23. XII.72Вот и состоялся наш раут с секретарями райкомов. Утром они заехали за нами на трех машинах. Поехали на рыбалку и на шашлыки. Мороз был за –30°. Очень холодно. Очень!.. Приехали на реку. Они начали ловить, мы занялись костром.
Подробности описывать не буду. Напился я ужасно. Не ел ведь ничего. Помню, пили и ловили рыбу. Боролись между собой на снегу. Потом какие-то провалы. И вспышки: почему-то рыба стала ловиться вдруг со страшной силой, не успевали закидывать!.. Опять боролись, и опять пили и танцевали. Мороз, солнце, лед!..
После этого поехали к Косыгину – зампреду райисполкома (просто однофамилец Володи). Там чистили рыбу. Это совсем плохо помню. Володю, кажется, уже занесли… Потом на улице рычал на меня ужасно и лаял большой пес. Кончилось тем, что я залез к нему в будку и мы с ним целовались…
Ели уху и жареную рыбу, и бруснику в сахаре и пили водку. Я снова обрабатывал секретаря, а третьему, тому, что по идеологии, что-то такое сказал, что он домой убежал – то ли обиделся, то ли еще что?

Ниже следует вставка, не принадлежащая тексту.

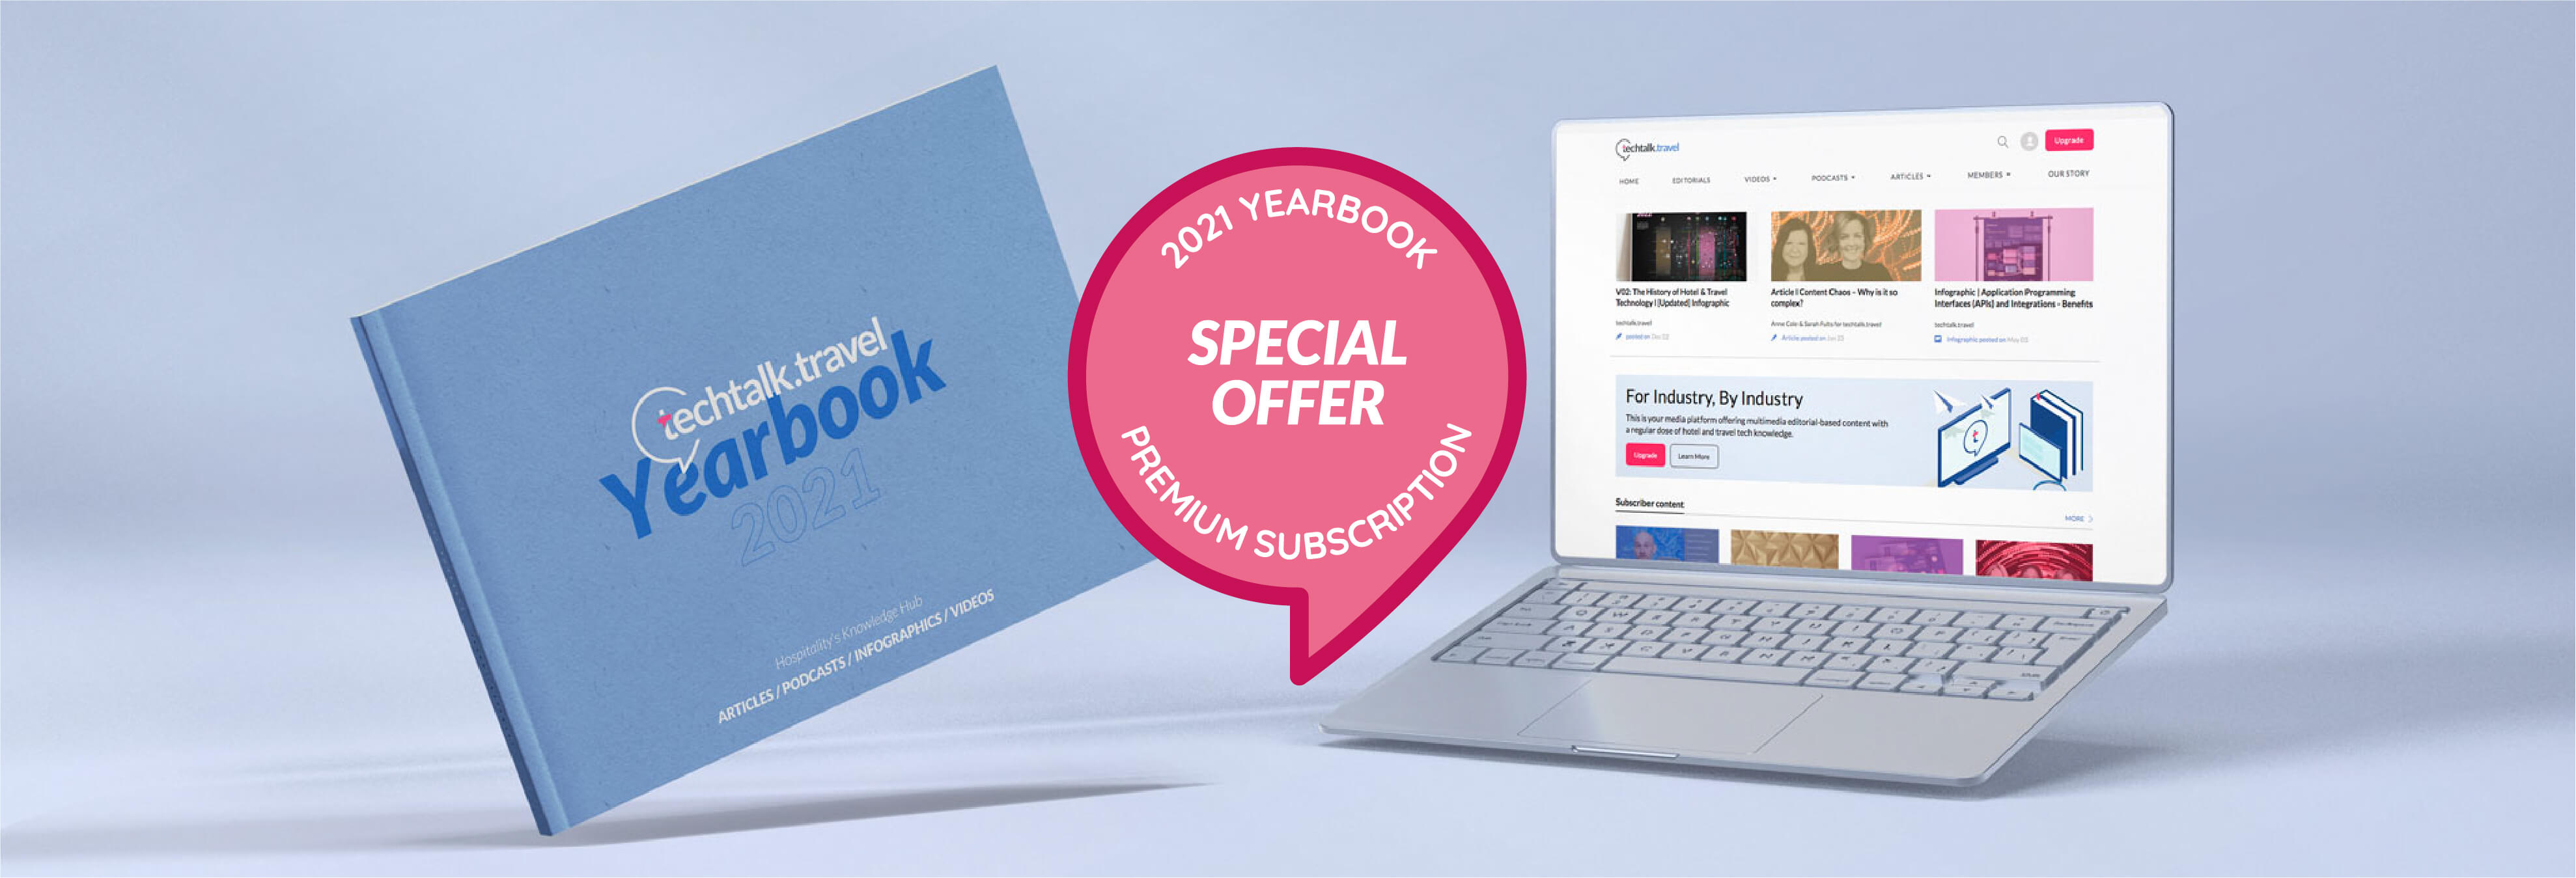 Special Offer - Yearbook 2021 - with Premium Subscription

А первому я, кажется, рассказывал все больше об искусстве, но в целом, конечно, кто ж знает, чем я его просветил. Ох, хоть бы Бог дал, чтоб все это нормально закончилось.
На реке я отморозил себе обе руки, и Зорий оттирал их мне спиртом. Выручил!..
Пришли домой. Я сел на пол и уснул. В общем, кошмар.
Спал, естественно, плохо. Но какой-то пронзительный кадр снился мне несколько раз за ночь. Это было очень чувственно, просто прекрасно. Но, видимо, нужно сначала сказать об ощущении, которое возникло прежде, чем этот кадр приснился.
Мне приснилась Танечка. Она была беременна и сказала удивительную фразу – точно не помню, то ли по телефону, то ли еще как… Ах да! Она будто работает кассиршей в каком-то универмаге, и ее спрашивают, кажется, по телефону: мол, что же она бросила свою работу? А она заулыбалась так замечательно и сказала: «Не-е-ет, я теперь для этого тяжела».